Nameri National Park covering an area of about 200 sq. kms is located at the foothills of eastern Himalayas about 35 km from Tezpur, the nearest town (Tezpur is 200 kms from Guwahati). The park consists of deciduous forests, hills and the river Jia Bhoroli flows through it. Nameri was set up as a sanctuary on 1985 with an area of 137 sq. km. In 1998 it was officially established as a National Park. Nameri National Park is birder's paradise and more than 300 species of birds have been identified here - four species of hornbills, an abundance of Mainas, Bee Eaters, Barbets, Babblers, Bulbuls, Plovers, Ibisbills etc. In recent years Nameri has become famous because of the rare and endangered White Winged Wood Duck. The world population is estimated at around 700. Above 50 of these resident birds are found in the Park.

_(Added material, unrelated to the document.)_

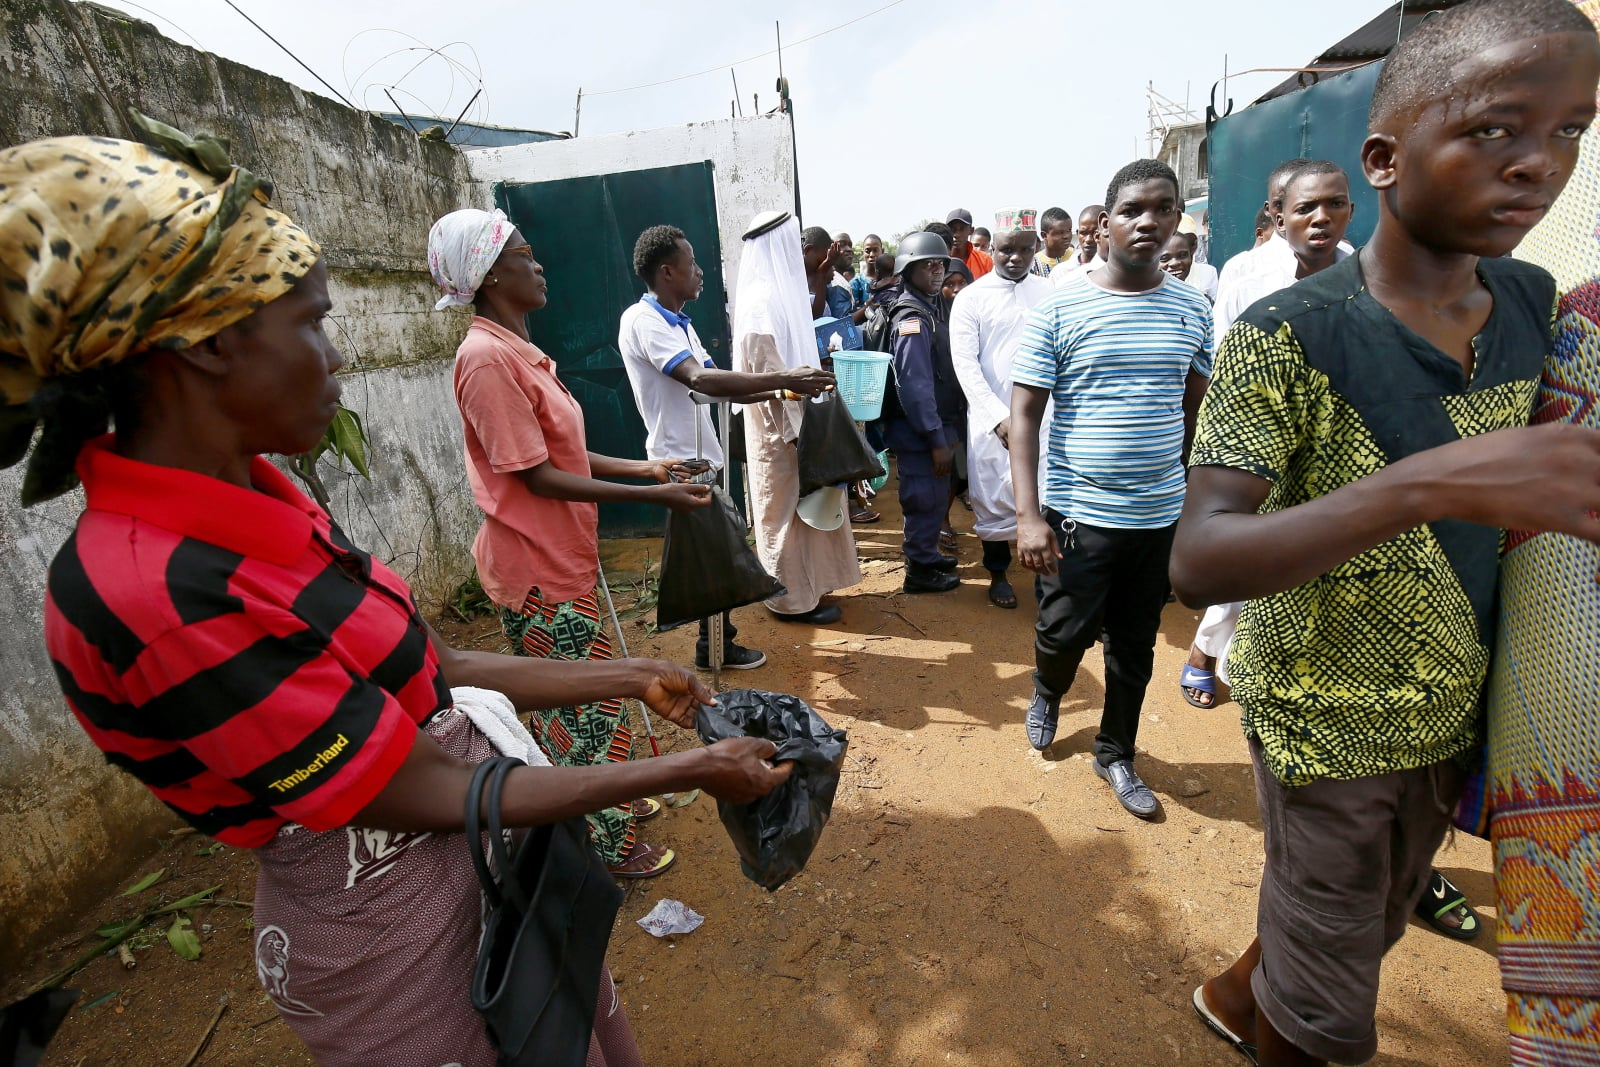 Ramadan w Liberii fot. EPA/AHMED JALLANZO Dostawca: PAP/EPA.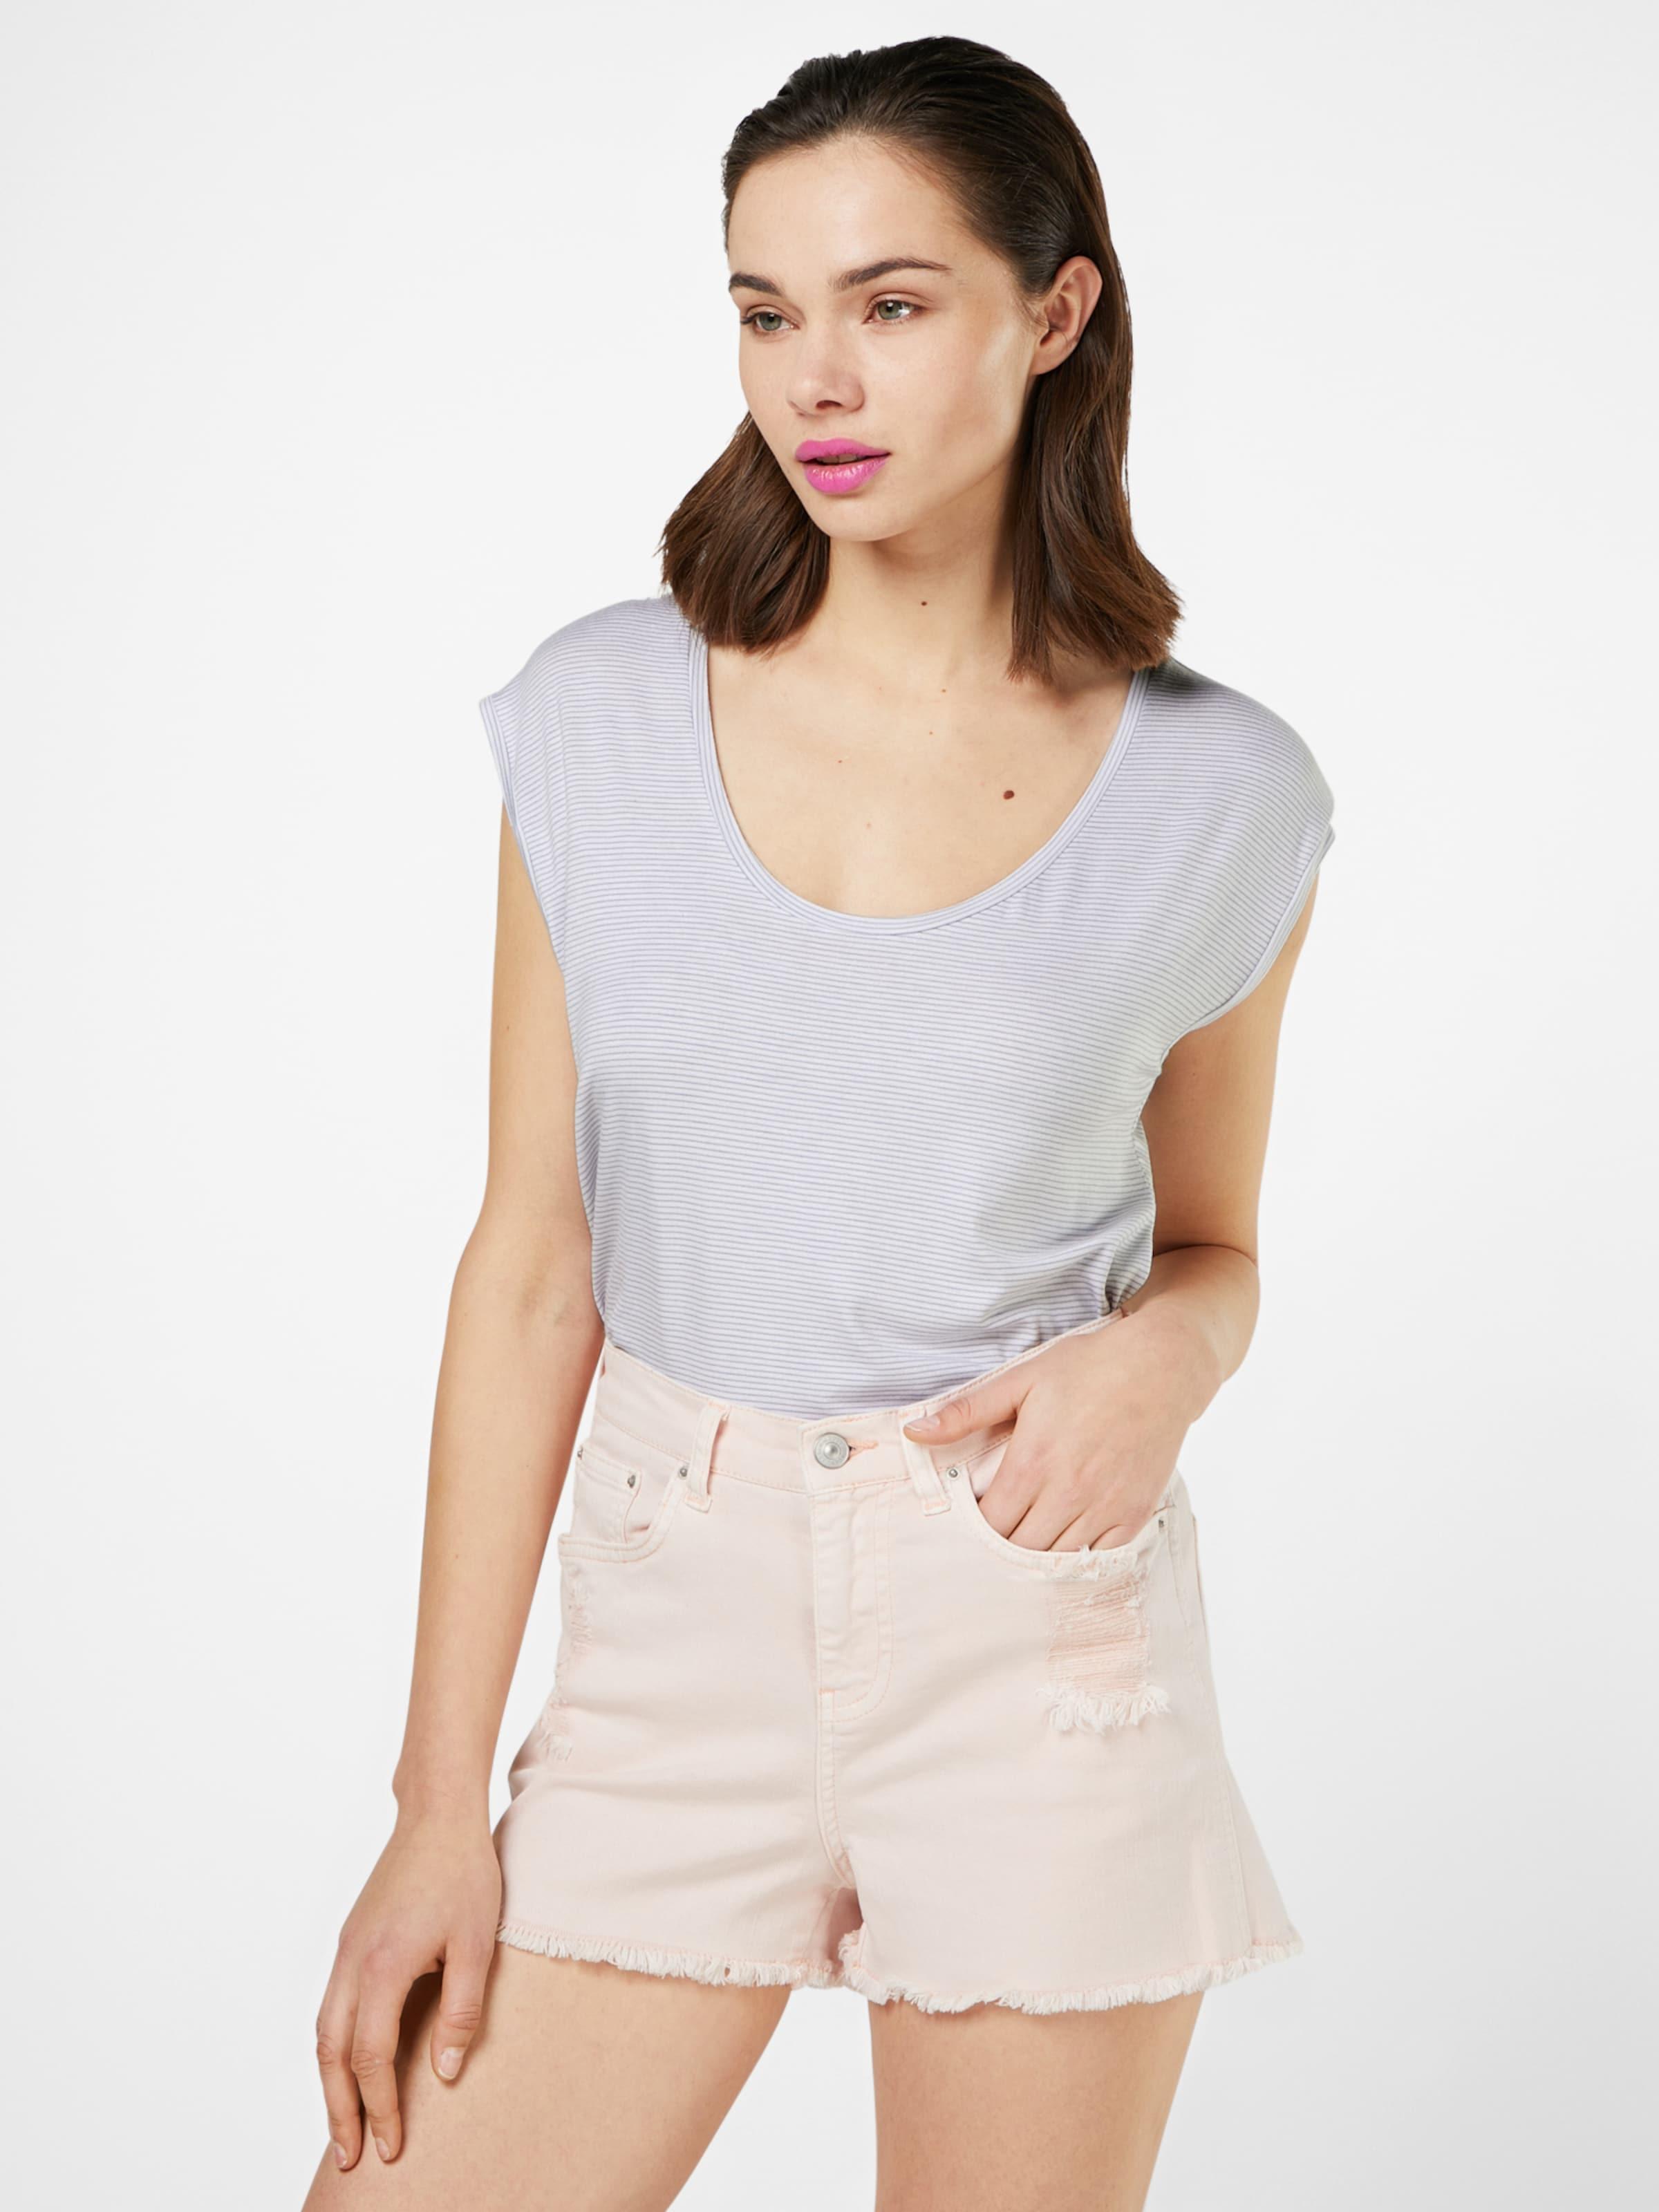 2018 Neue Online Billig Verkauf 100% Original VERO MODA T-Shirt 'LORA' Billig Bester Ort RrZkckATUF

A plethora of reptilian and insect life bare testimony to the immense biodiversity of the area. Assam Roof Turtle, multicouloured butterflies and insects like Lantern fly are a common sight adding colour and charm to the scenery.

Nameri is excellent elephant country and ideal habitat for a host of other animals including the tiger. The park is the second Tiger reserve of Assam. It is also home to the Leopard, Bison, Sambar, Hog Deer, Muntjac, Wild Boar, Wild Dog (Dhole), Sloth Bear, Himalayan Black Bear, Capped Langur, Malayan Giant Squirrel, and also the endangered small mammal - the Hispid hare.

Traditionally Nameri is known all over for its Golden Mahseer. The snow fed Jia Bhoroli river flows along the southern periphery of the Park adding to the breathtaking scenery. On a clear winter morning one can see the snow capped peaks of Eastern Himalayas as a backdrop. The Bhoroli record on rod and line is a 24.5 kg (52 lb.) golden mahseer. The Forest Department regulates angling and accords permission to angling members on a select stretch of the river, strictly on a catch, record and release basis. The other sporting species of fish found in the Bhoroli are Saal (Murral), Gorua (Goonch), Korang or Sundarie (Indian Trout) and Boka (Chocolate Mahseer). The best spots for angling are approached by rubber rafts and the most favourable time for angling is November and February/March.


Eco Camp, which has nine double-bedded Swiss Cottage tents with thatched cover, organizes nature trails through thick jungle and dry riverbeds, accompanied by forest guards along with rafting. These rafting trips, meant for the entire family are essentially enjoyable float trips. Rafters may carry packed lunch and spend time swimming, sunbathing and generally relaxing on the different river islands. Kaziranga National Park can be reached in just 2 hours by road from Eco Camp.